Dr. Matthias Berger is Senior Researcher and Module Coordinator of the Simulation Platform Module IX at the Future Cities Laboratory in the Singapore-ETH Centre, working in Singapore since 2011. The research focus is simulation and visualization of energy-related issues of urban environments. Dr. Berger received the Dipl.-Ing. in Electrical Engineering from the Otto-von-Guericke University Magdeburg in 2006. He joined the High Voltage Laboratory of ETH Zurich (2006 - 2011) where his PhD was dedicated to modeling and optimization of multiple energy carrier systems. His practical experiences include working as a project coordinator for Seed Sustainability (2007 - 2008) as well as R&D at EADS Space Transportation and EADS Astrium (2005 - 2006).

Ulrike Wissen Hayek

Ulrike Wissen Hayek

Postdoctoral Fellow, Dept. of Civil, Environmental and Geomatic Engineering, ETH Zurich

Dr. Ulrike Wissen Hayek is Senior Scientist and Lecturer at the Chair Planning of Landscape and Urban Systems (PLUS) at the ETH Zurich (Switzerland) since 2012. She holds a PhD from the ETH Zurich, a diploma in Landscape Architecture and Planning from the Technical University of Munich (Germany), and she is a trained landscaper. Her key research focuses on the assessment and management of landscape change, GIS-based 3D landscape visualization, and transdisciplinary planning studies.
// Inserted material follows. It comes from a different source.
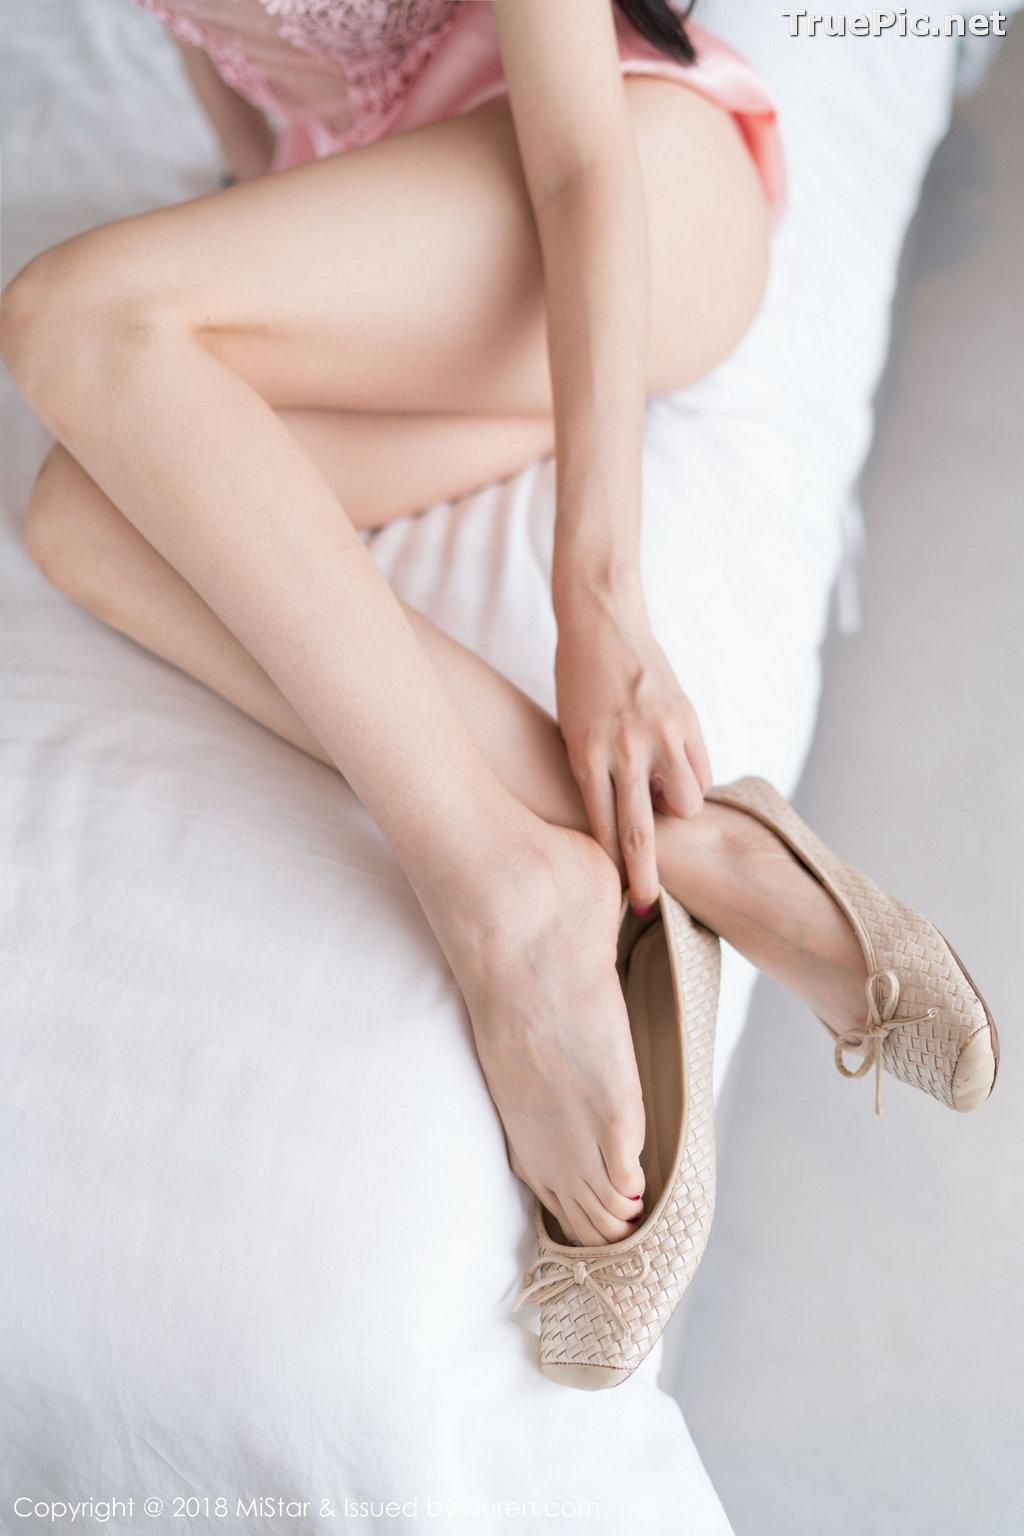 Image MiStar Vol.238 - Chinese Model - Xiao Reba (Angela小热巴) - Sleep Dress and Monokini - TruePic.net - Picture-8

Recently she managed the project “Sustainable Urban Patterns (SUPat)” funded by the Swiss National Research Program 65 “New Urban Quality” that resulted in a collaborative platform and tools suitable to foster a better understanding of the interconnected dynamics of the urban landscape systems.

Estefania Tapias

Estefania Tapias

Postdoctoral fellow and Lecturer, Chair of Information Architecture, ETH Zurich

Estefania Tapias is Postdoctoral fellow and Lecturer at the Chair of Information Architecture, ETH Zurich. Her research is focus on Information Cities and climate-sensitive urban planning. Estefania attained her doctoral degree at ETH Zurich and obtained the PhD label from Climate-KIC; one of three Knowledge and Innovation Communities (KICs) created by the European Institute of Innovation and Technology (EIT). At ETH Zurich she teaches the course ‘Digital Urban Simulation’ where ETH students learn how to analyse and generate spatial urban configurations with advanced computational methods.